Challenging unhelpful thinking styles and beliefs, identify unhelpful belief, list other options, rate the strength of the belief, create a pie chart, reconsider and re-rate the belief

Let’s work through the stages:

  • Try to identify the automatic thought that you have around a challenging situation around food, such as “I feel guilty for eating that cake, I have no will power”. This thought may seem pretty strong and overpowering at the time.
  • List all the other options and thoughts that you could have -e.g. “I enjoyed that cake” “I ate slightly more than normal as I was hungry, and that’s okay” “Cake is a food and all foods are allowed in my diet” “Cake is a fun food and today was a time I chose to have fun” “One slice of cake will not harm me” or “it was nice to spend time with my friends over cake today”. Try to come up with as many alternatives as you can even if they seem silly at the time.
  • Assign a percentage value to these thoughts based on how influential they feel to you or how likely that are to be true. For example, if you were hungrier than usual before eating the cake, you might give it a higher percentage – remember to make make sure that they add up to 100% eg:
    • I ate more as I was hungry = 20%
    • It was nice to spend time with others = 30%
    • Cake is a food I’m allowed to enjoy and it will not harm me = 10%
    • I feel guilty over the cake = 40%
  • Using these percentages, create a pie chart. Do the proportions feel accurate now that you’ve seen them in real life?
  • Re-rate the strength of these beliefs after seeing them visually.

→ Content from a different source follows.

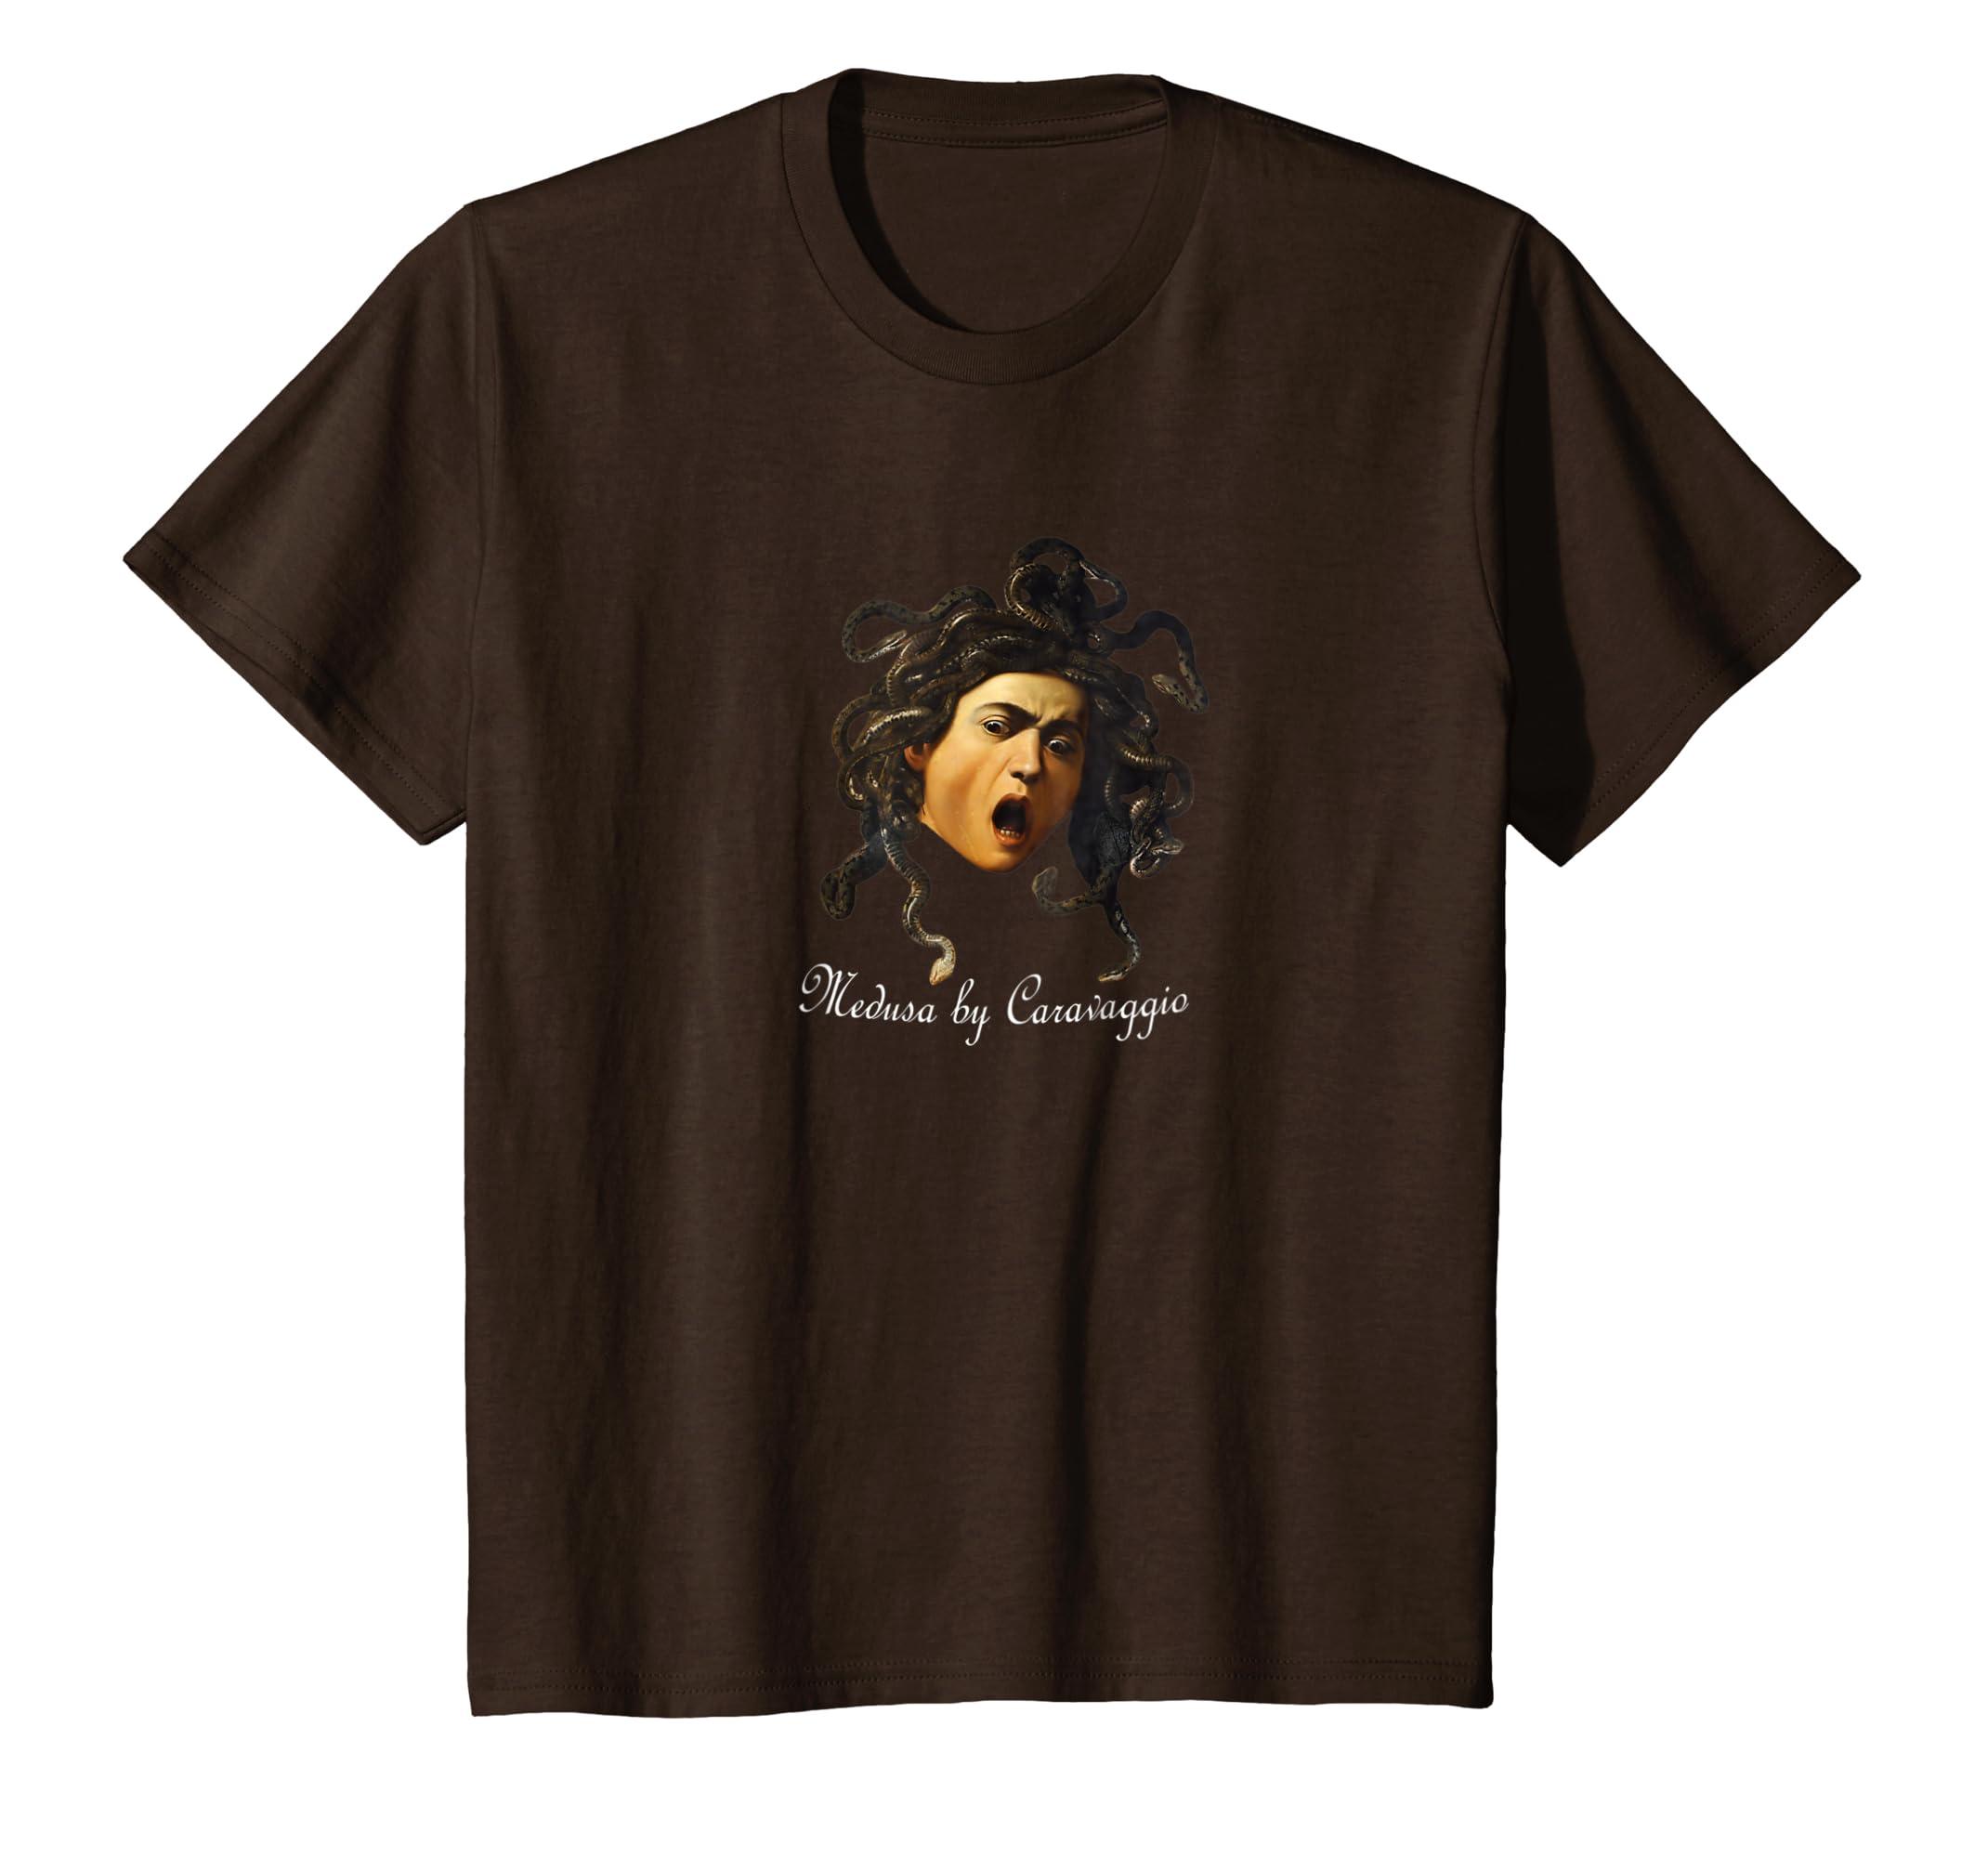 d9d3468320 Amazon.com: T-Shirt Medusa by Caravaggio: Clothing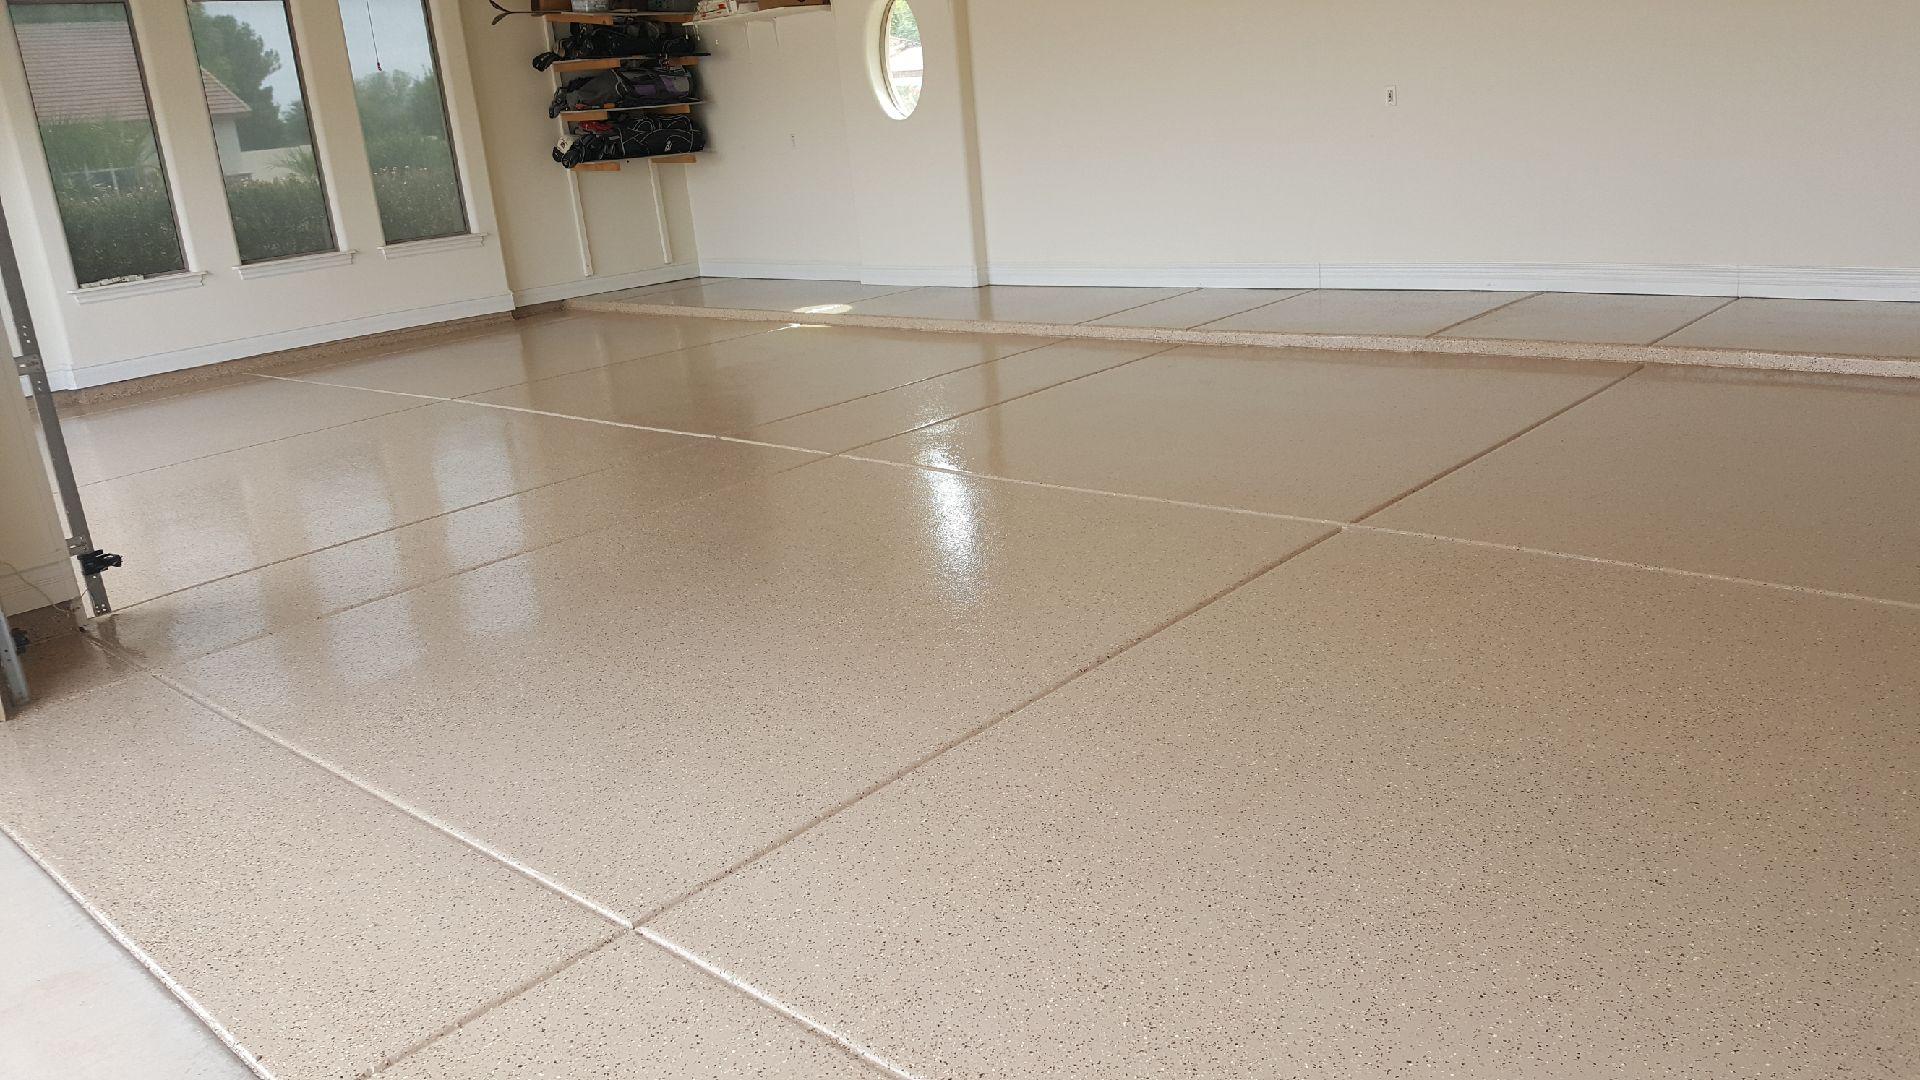 Three Reasons to Choose Epoxy Coated Concrete Flooring

Hopefully seeing it drawn out will help you to rethink your thoughts, can you see how eating cake can bring some positives? Can you focus more on those thoughts?

Try the pie chart technique to identify the most likely scenario for your thoughts and behaviours to reduce the power that challenge automatic unhelpful beliefs may have. The more you use this technique, the more you will be able to override unhelpful automatic thoughts.